Increasingly Specialized Perception Network for Fine-Grained Visual Categorization of Butterfly Specimens
Increasingly Specialized Perception Network for Fine-Grained Visual Categorization of Butterfly Specimens
Blog Article
Existing fine-grained 2004 honda civic exhaust system categorization methods predominantly conquer challenges independently, while neglecting the fact that patch proposal and feature extraction can reinforce each other.This necessitates to extract the domain-specific representations and localize key (most discriminative) patches alternately, since implicit to fine-grained specialization is the existence of an entry-category visual shared among all categories.In this study, an increasingly specialized perception convolutional neural network (ISP-CNN) is proposed, focusing on a butterfly domain at sub-species level due to the biosystematics structure.Its pipeline is an coarse-to-fine specialization that hierarchically extracts fine-scale features and proposes distinctive patches at multiple scales.

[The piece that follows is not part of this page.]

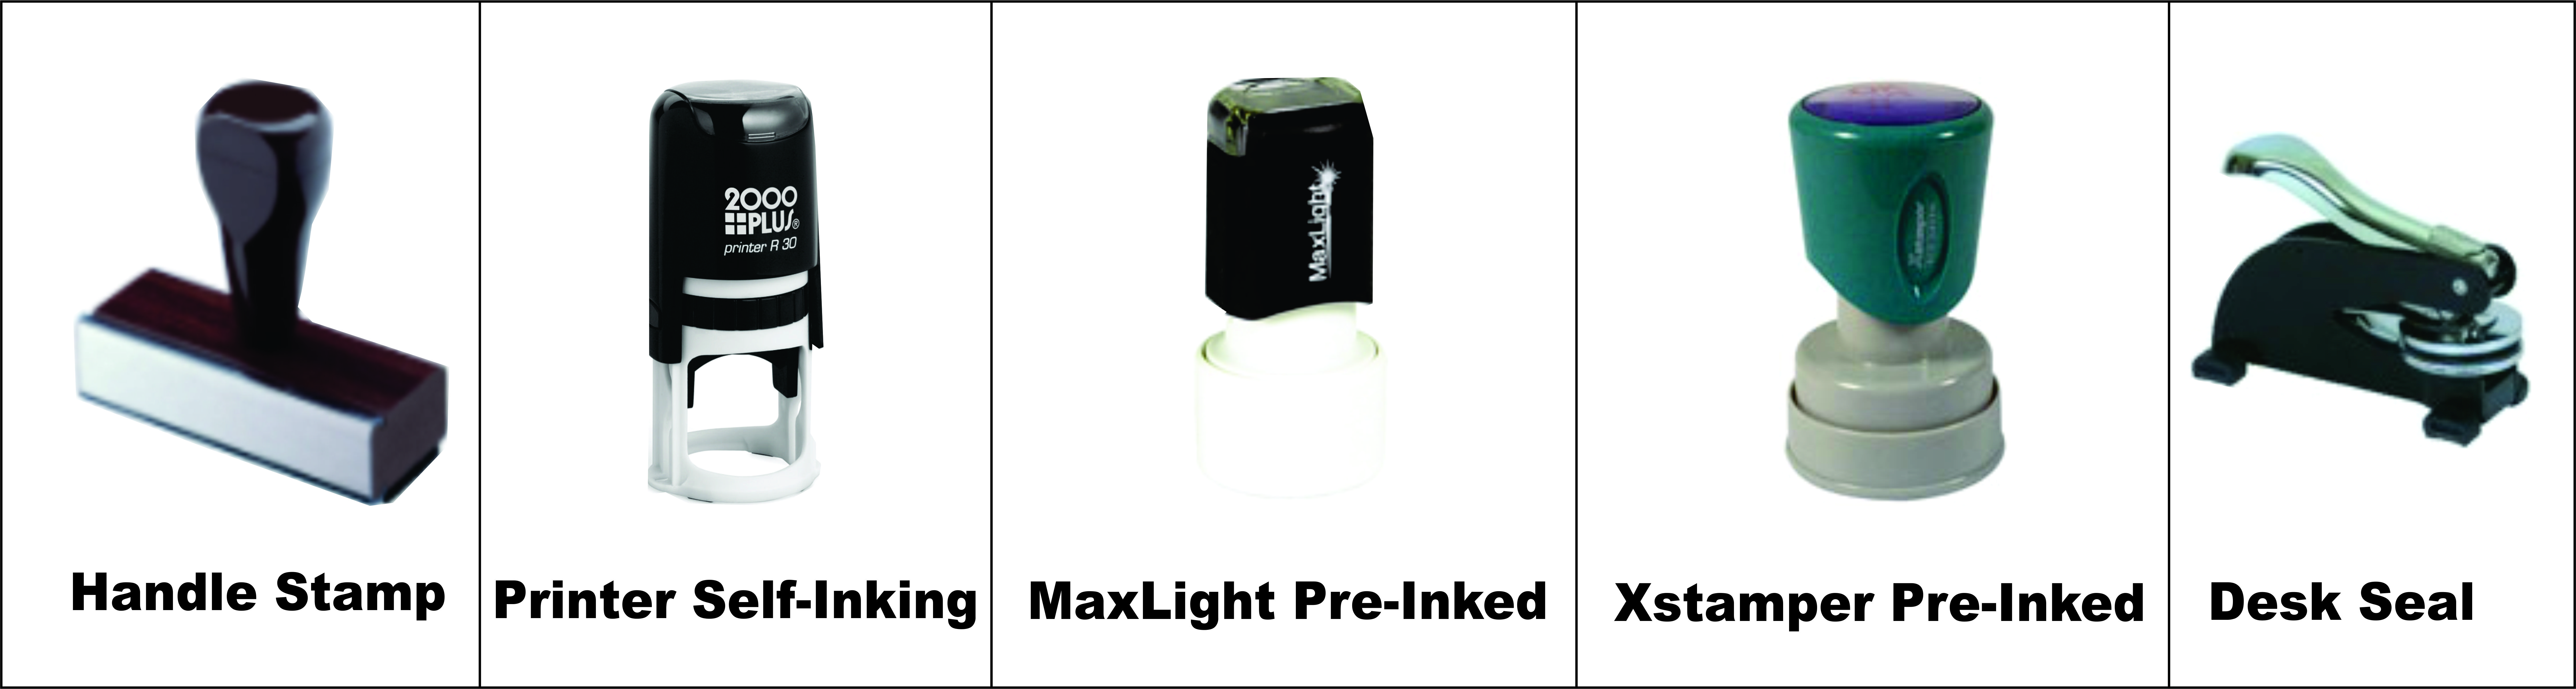 Registered Professional stamps. Choose a traditional handle stamp, a self inking printer, a MaxLight or an Xstamper.

Specifically, the framework consists of two highlights, i.e., hierarchical learning support vector machines (HL-SVMs) and patch proposal sub-networks (PPNs).Depending on the confidences obtained in HL-SVMs, the samples are classified at appropriate subset (i.
e., sub-family, genus, and sub-species).Then the PPNs zoom the images to shift the focus on the most representational patches by taking previous predictions of HL-SVMs as a reference, while a finer scale network takes as input an amplified attended region from previous scales with gradual steps.As for self-optimization, ISP-CNN is driven by a patch-level loss and a class-level loss, to mutually learn patch proposals and decisions.
For effectness verification, a total of 19,368 lab-made images of butterfly specimens spanning 48 tumbler skins sub-species are utilized as testing samples, while 116,208 augmented images are employed for training.ISP-CNN delivers the better or comparable performance, i.e., validation accuracy achieves 93.
67% and testing accuracy achieves 92.13%, which outperforms state-of-the-arts.